Four good boardgames with very different mechanics: first, “Tajemnicze Domostwo”, also named “Mysterium” in the American edition, is just excellent. A cooperative mix of Dixit and Clue, and a great exploration of the difficulty of communication—more than just a boardgame, I would say, but great as a boardgame too. Get the original version, as they unforgivably screwed up the art in the American one. “Escape from the Aliens in Outer Space” is simple and tense; like the sci-fi horror “Alien” made into a game. “Skull” is a short and sweet bluffing game, and though the edition I linked to has beautiful art, you can play it with coasters on a pinch. Finally, “Spyfall” is wonderful as a party game: one person is the spy and tries to remain undercover; everyone else is out to get them. Like “Werewolf” but shorter, sillier, and without player elimination.

Computer games: three I liked were “80 Days”, an upscale interactive fiction production; “Don’t Starve”, a survivalist game that doesn’t take itself too seriously except in its production values; and “Subterfuge”, which you could see as a better “Diplomacy”, or as the slowest real-time strategy game out there: launch an attack on an enemy and it will arrive in perhaps 24 hours, which gives you and the defendant plenty of time to recruit allies and escalate, or maybe iron differences out and turn the attack into a gift instead. A warning that despite there being a very prominent Code of Conduct on that game forbidding jerks, jerks can rather easily be found.

If you are in Victoria, you should check out the kite festival when it comes again; it is meditatively beautiful. Year-round, the coffee roasted by the Coffee Lab (at the Second Crack coffee shop in Rock Bay) and by Bows & Arrows (available at Habit and others) is delicious. Heist, the best coffee shop in Victoria, suffered the curse of all misunderstood geniuses, and closed down, but Graham, its artful barista is now at Hey Happy, so it is not a total loss. And finally, for your sweet tooth, Empire Donuts are outstanding, as are the white chocolate brioches prepared Saturday and Sunday mornings at Fry’s Bakery, but the very best sweetness I’ve found is the selection of ice cream concoctions of Cold Comfort.

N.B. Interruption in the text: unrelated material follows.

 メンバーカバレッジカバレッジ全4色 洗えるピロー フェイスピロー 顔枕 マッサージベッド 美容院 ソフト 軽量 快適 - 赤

As usual, I would love to hear about what you found and liked this year, and I hope the recommendations above are useful for you. Happy New Year!

(Previously: 2014, 2013, 2012, 2011, 2010, 2009)

Recommendations from 2014

One more year behind us! Here are some of the things that I loved in 2014 and that you may enjoy, too:

Books! The oddest, most strangely beautiful one I found this year was Haskell’s “The Forest Unseen“. Part meditation, part scientific explanation of all that happens in a tiny section of a forest in the course of a year, it is intelligent without being patronizing, compassionate without being mushy, and constantly full of surprises.

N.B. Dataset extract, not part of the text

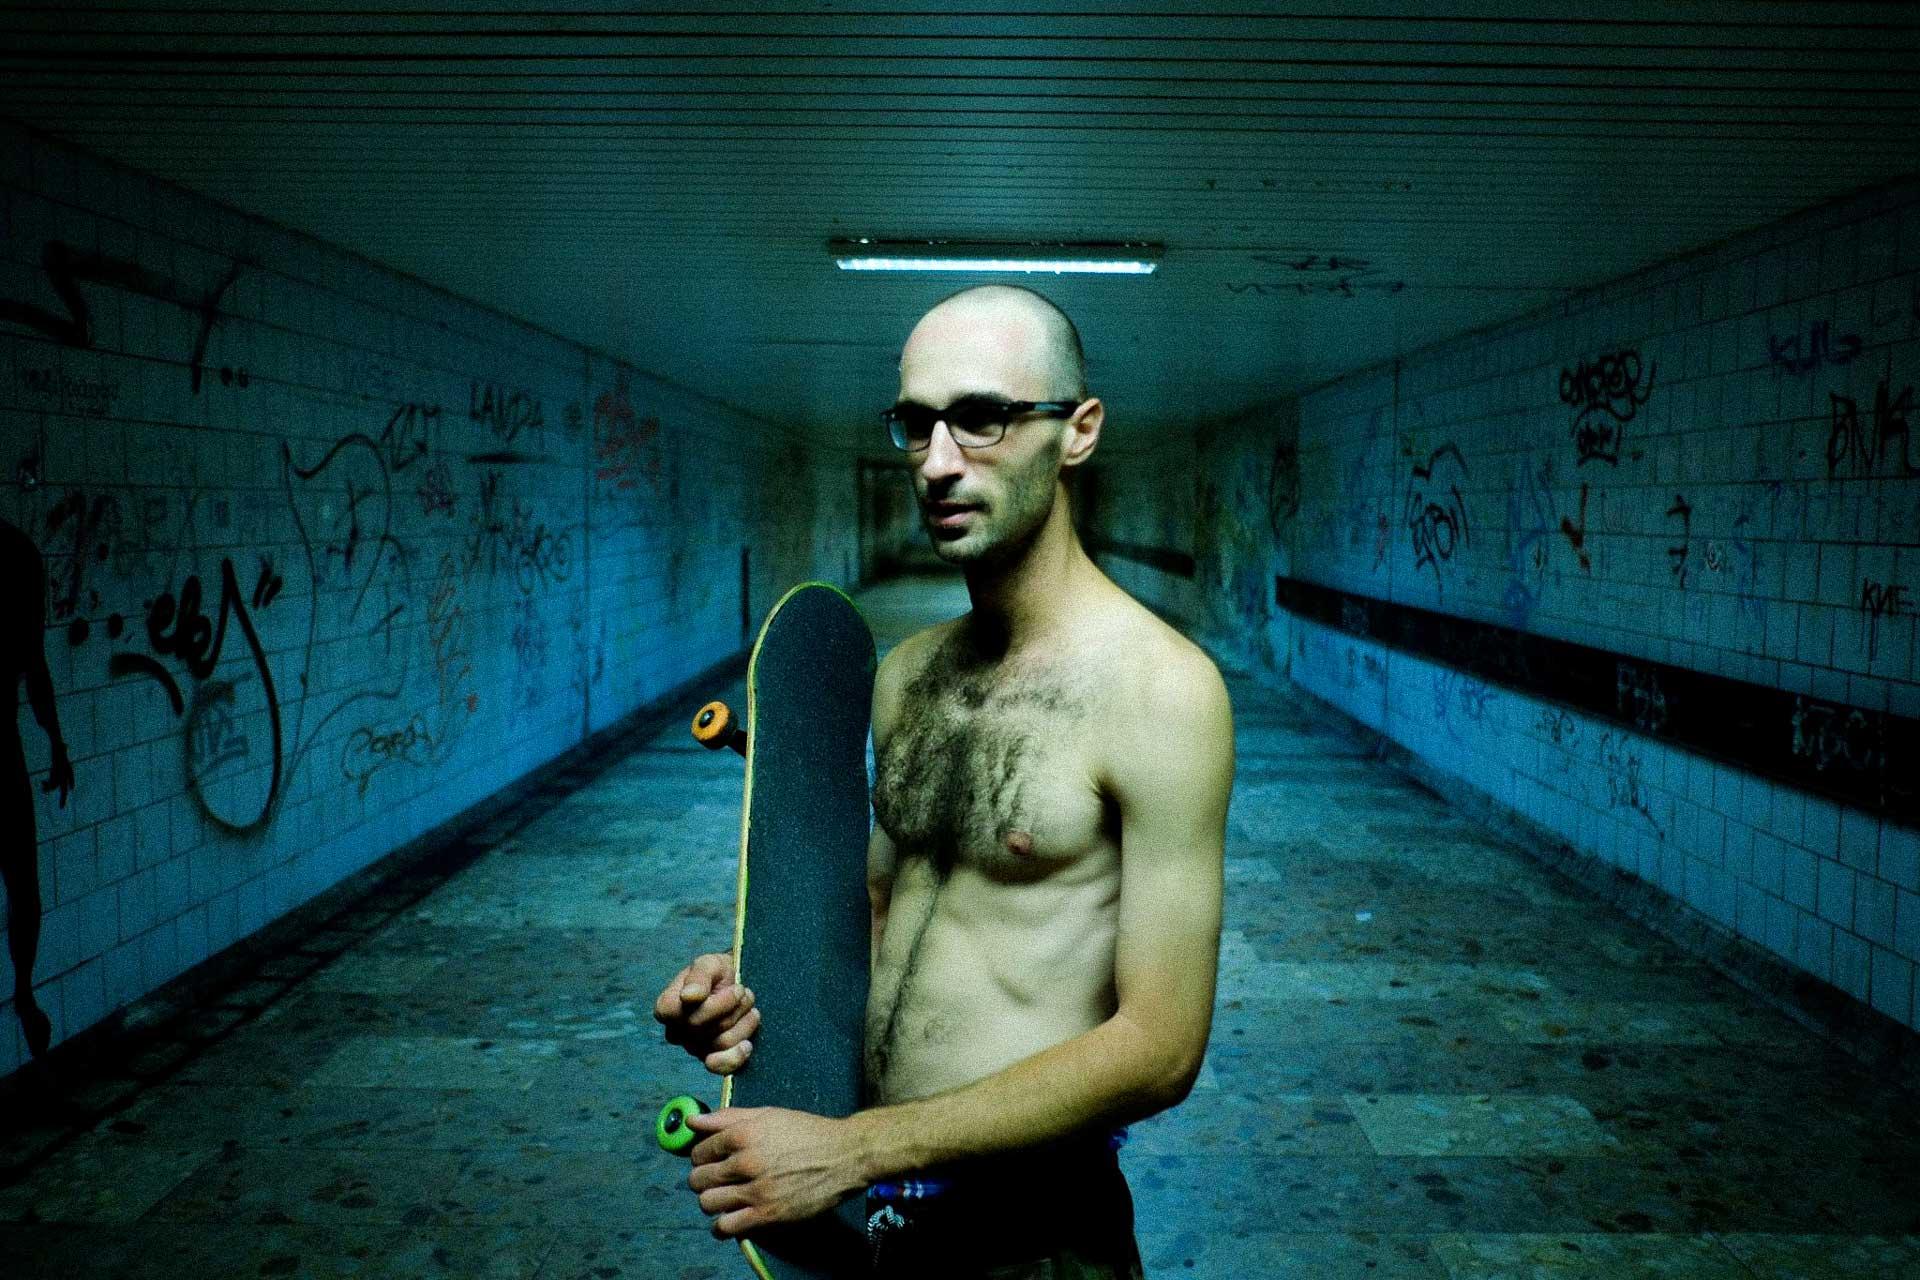 david hofmann cinematographer photo 2

Offill’s “Dept. of Speculation“, on the difficulty and beauty of marriage and parenthood, and on trying to achieve greatness (or, at least, to control the apartment’s pests) while being a parent, is a bit of a Trojan horse: it seems unassuming, but it unfolds in the mind after reading. Ferrante’s “The Days of Abandonment” is about abandonment of the marital kind, and it is angry, desperate, hyperventilating, funny, perfect. McBride’s “A Girl Is a Half Formed Thing“, in contrast to Offill’s and Ferrante’s books, may be the hardest: hard to parse, but also to digest. McBride’s dark, pulsating, synaptic prose is often grammatically nonsensical, but it conveys fear, loss lust, and love beautifully.

Sjón’s “The Whispering Muse” overlays some of the greatest Western myths with modern, ordinary bigotry and pettiness; the result is exceptional. On the most page-turning end of the spectrum, Theroux’s post-apocalyptic “Far North” is both very smart and very enjoyable.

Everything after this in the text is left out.